I am trying to show that when inserting $$S = Q \frac{hd + pb}{bh + pb}$$ into the expression $$\frac{h(bS - dQ)^2}{2b(b-d)Q} + \frac{pb(Q-S)^2}{2(b-d)Q}$$ it can be simplified to the fraction $$\frac{hp(b-d)Q}{2(h+p)b}.$$
However, when I first insert $S$ into the expression and start expanding and get a very long a complex expression with lots of quadratic terms. Are there any tricks so to speak that can make this simplification easier?
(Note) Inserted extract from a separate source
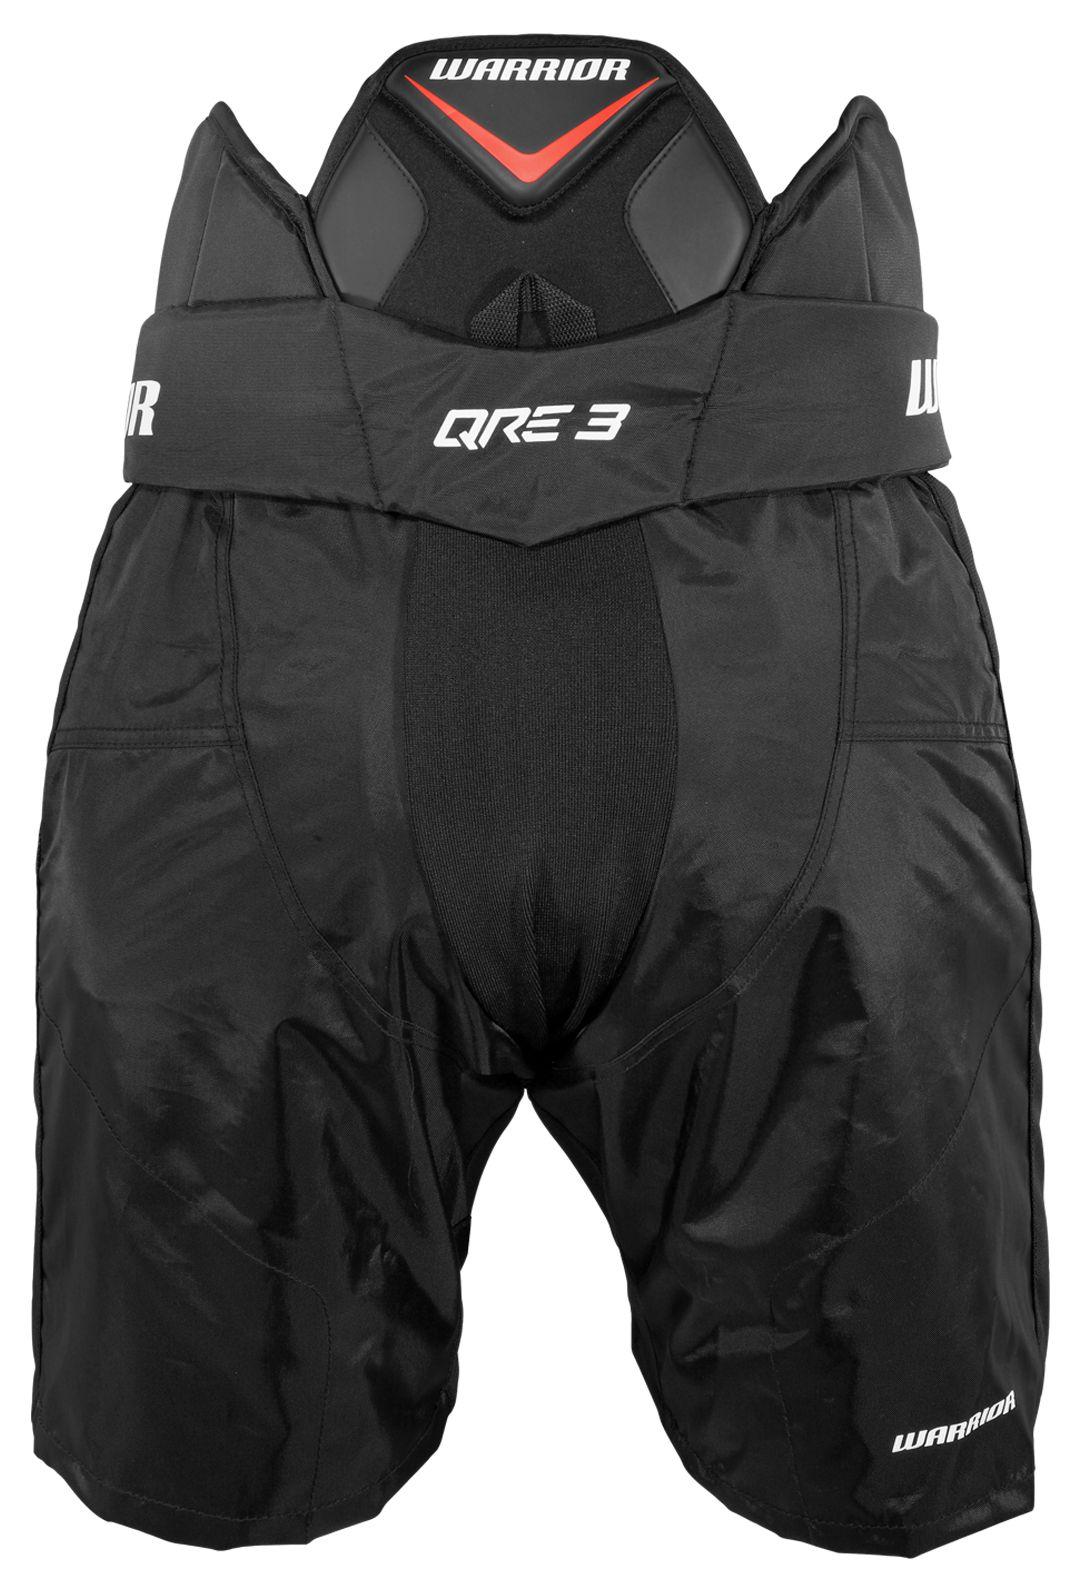 Warrior Junior Covert QRE3 Ice Hockey Pants

Is there something I am missing?
On
Pull a factor $b$ out of the global expression and the numerator is
$$h(S-\frac db Q)^2+p(Q-S)^2.$$
Then omitting the factor $Q$,
$$ \frac{hd + pb}{bh + pb}-\frac db=\frac{p(b-d)}{b(h+p)}$$ and $$1-\frac{hd + pb}{bh + pb}=\frac{h(b-d)}{b(h+p)}.$$
Now the expression is
$$b\frac{(hp^2+ph^2)\dfrac{(b-d)^2}{b^2(h+p)^2}}{2(b-d)}\frac{Q^2}Q=\frac{hp(b-d)}{2b(h+p)}Q.$$
Rewrite the first equation \begin{eqnarray*} S=Q\frac{pb+\color{red}{bh-bh}+hd}{b(h+p)}=Q\frac{\color{blue}{pb+bh}-bh+hd}{b(h+p)}=Q \left(\color{blue}{1}+\frac{h(d-b)}{b(h+p)} \right) \\ bS= Q \left(d+ \frac{p(b-d)}{h+p} \right) \end{eqnarray*} Now sub into the expression \begin{eqnarray*} \frac{h(bS-dQ)^2}{2b(b-d)Q}+\frac{pb(Q-S)^2}{2(b-d)Q} &=&Q \frac{hp^2(b-d)^2}{2b(b-d)(h+p)^2} +\frac{Qpbh^2(b-d)^2}{2(b-d)b^2(h+p)^2} \\ &=& \frac{Qhp}{2b(h+p)^2} \left(p(b-d)+h(b-d) \right) \\ &=& \frac{Qhp(b-d)}{2b(h+p)} \end{eqnarray*}